For the next couple of months, Memolo’s days would consist of chemo, surgery, IVs, transfusions, hair loss, hospital visits, home care, pain and weakness.

“It was hard to do everything. Even eating became difficult because my jaw always felt too weak to chew,” Memolo said.

This was something she never imagined – a lifestyle that never crossed her mind.

But, soon after talking to other patients, Memolo’s attitude on fighting cancer changed quickly. She went from a depressed “why me” feeling to a ‘I will beat this, try me’ attitude.

“In my soul, I’m still that strong girl I was born as, and nothing relentless as cancer can take that away from me.”

***

After removing both ovaries, Memolo was in remission on August 28, 2014.

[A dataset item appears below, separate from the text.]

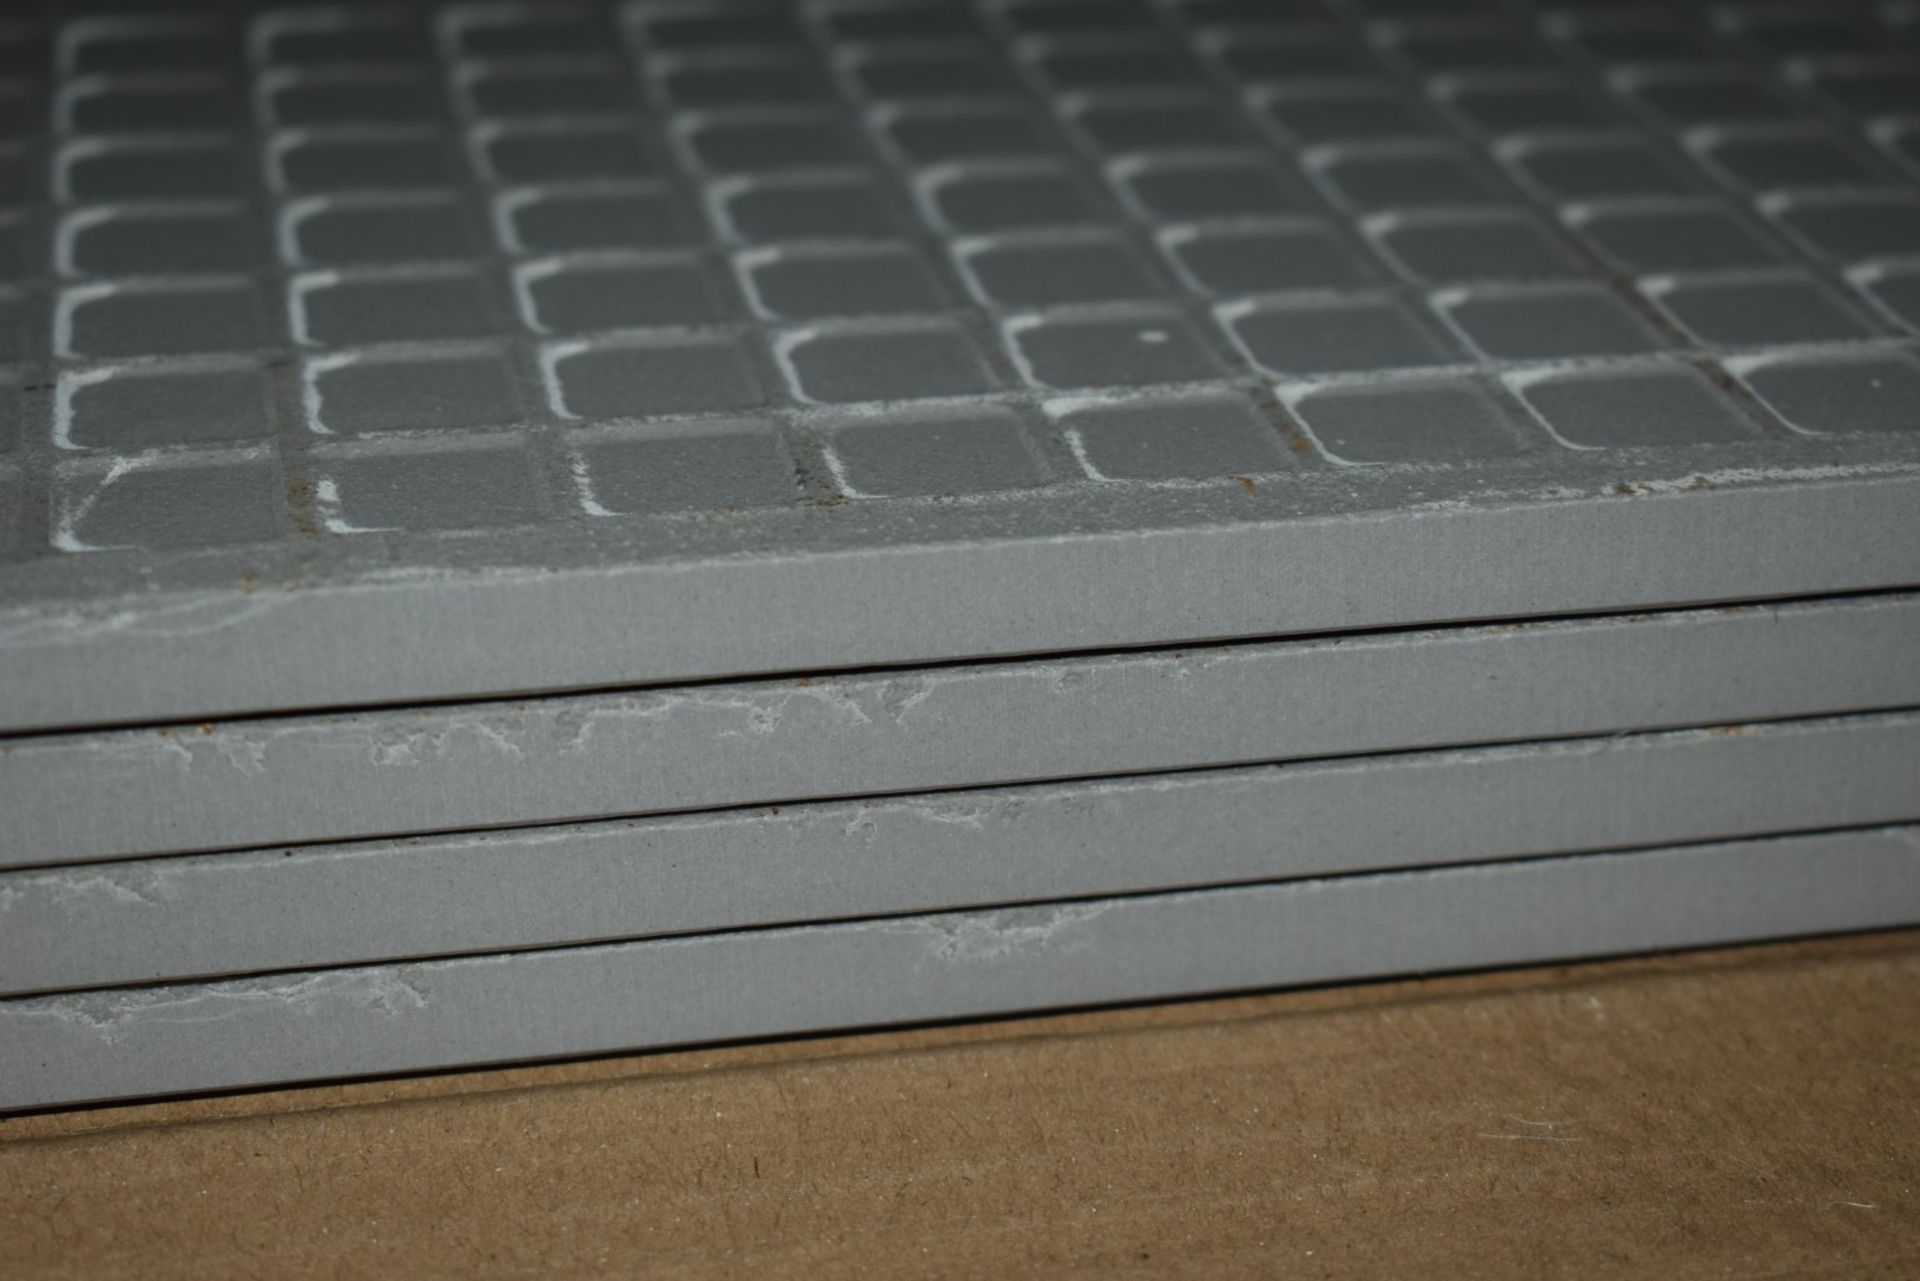 6 x Boxes of RAK Porcelain Floor or Wall Tiles - Concrete Design in Clay Brown - 60 x 60 cm - Bild 6 aus 7
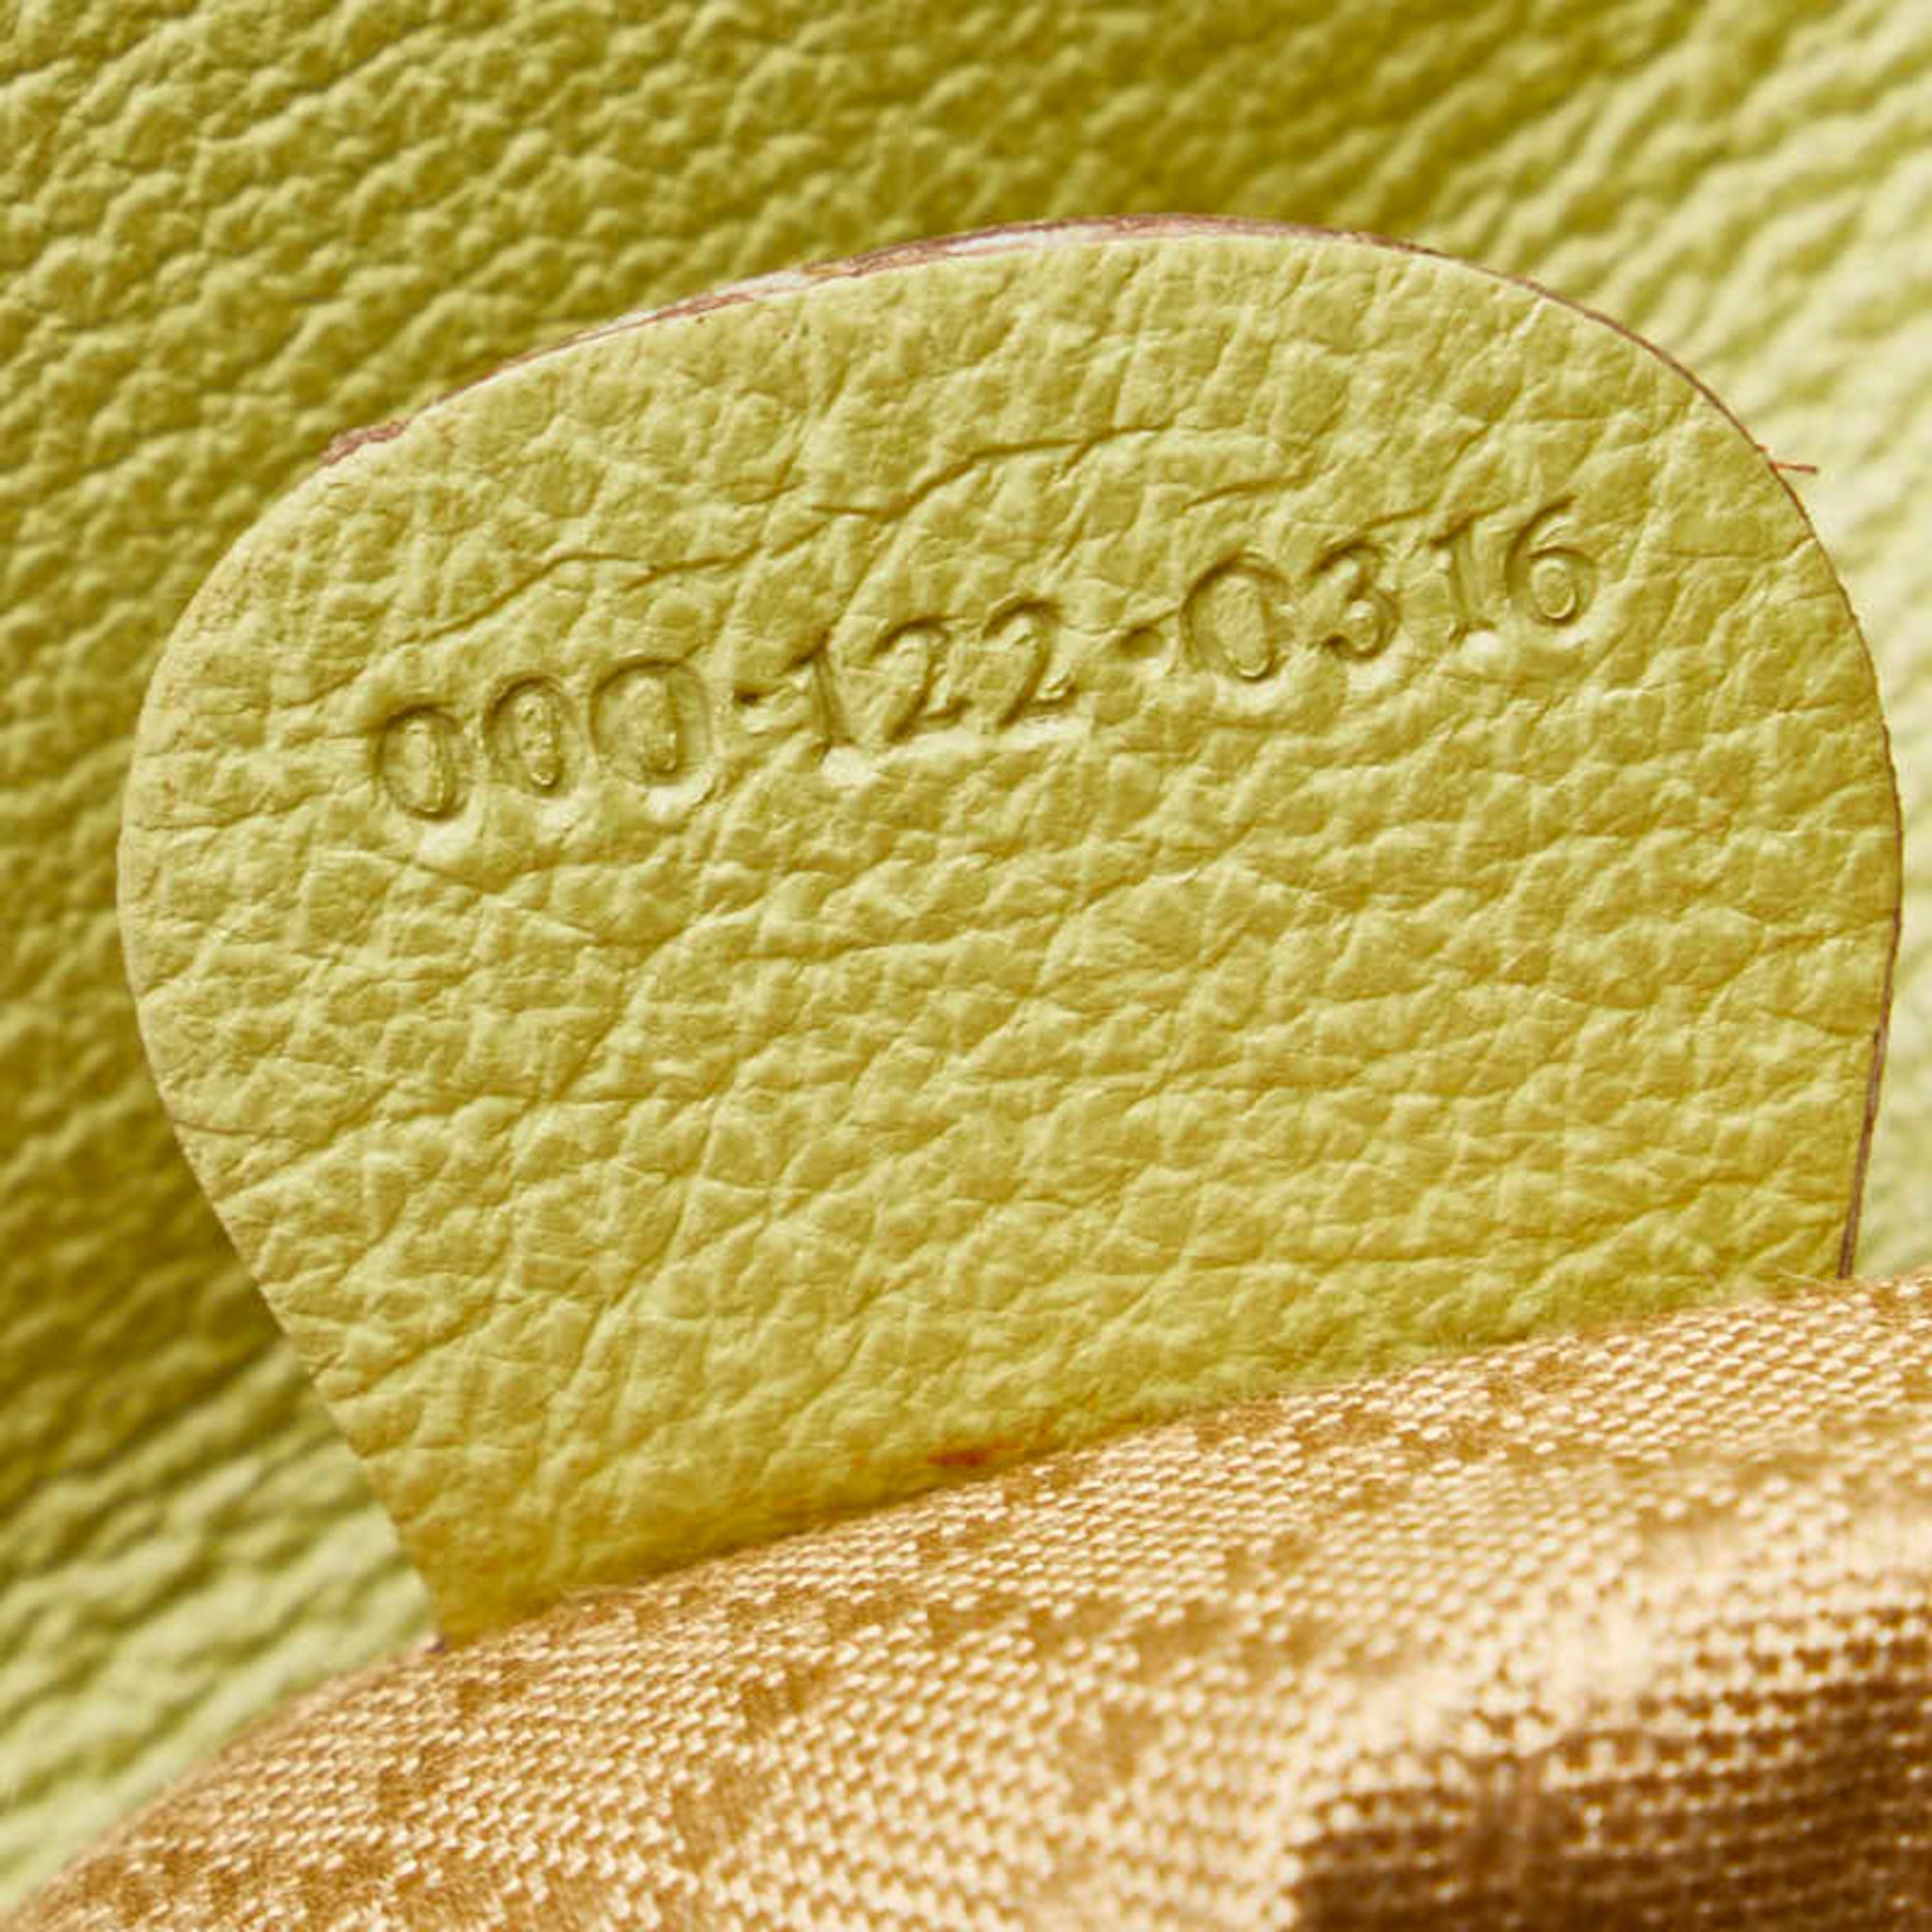 Gucci 1220316 Women's Bamboo Handbag,Shoulder Bag Green

Since then, Memolo has been one of the many children who have participated in children cancer awareness. She even re-shaved the hair that grew back on St. Patrick’s Day in honor of St. Baldrick’s Cancer Foundation and spoke in front of many new cancer patients.

“I wouldn’t just shave my head for anything. St. Baldrick’s is a great foundation for children’s cancer, that’s why I did it,” said Memolo.

“Cancer may have been one of the hardest obstacles anyone could ever face, but in a way, I am glad it was me and not one of my sisters. I also learned something about my life by having cancer,” Memolo added.

Today, she no longer takes her life for granted. Memolo lives each day as though she were going to die tomorrow.

“I know theatre club might be everything to me right now and I’ve always thought that drama acting was my calling, but I think my calling might be with helping the spread of children cancer awareness,” Memolo said.

Memolo devotes her time to visiting children with cancer to spread light on their hard days.

Memolo added, “If there’s a way that I could help the children of future generations with cancer and let them know it will be okay in the end, because I’m a survivor, that’s how I’d rather live my life.”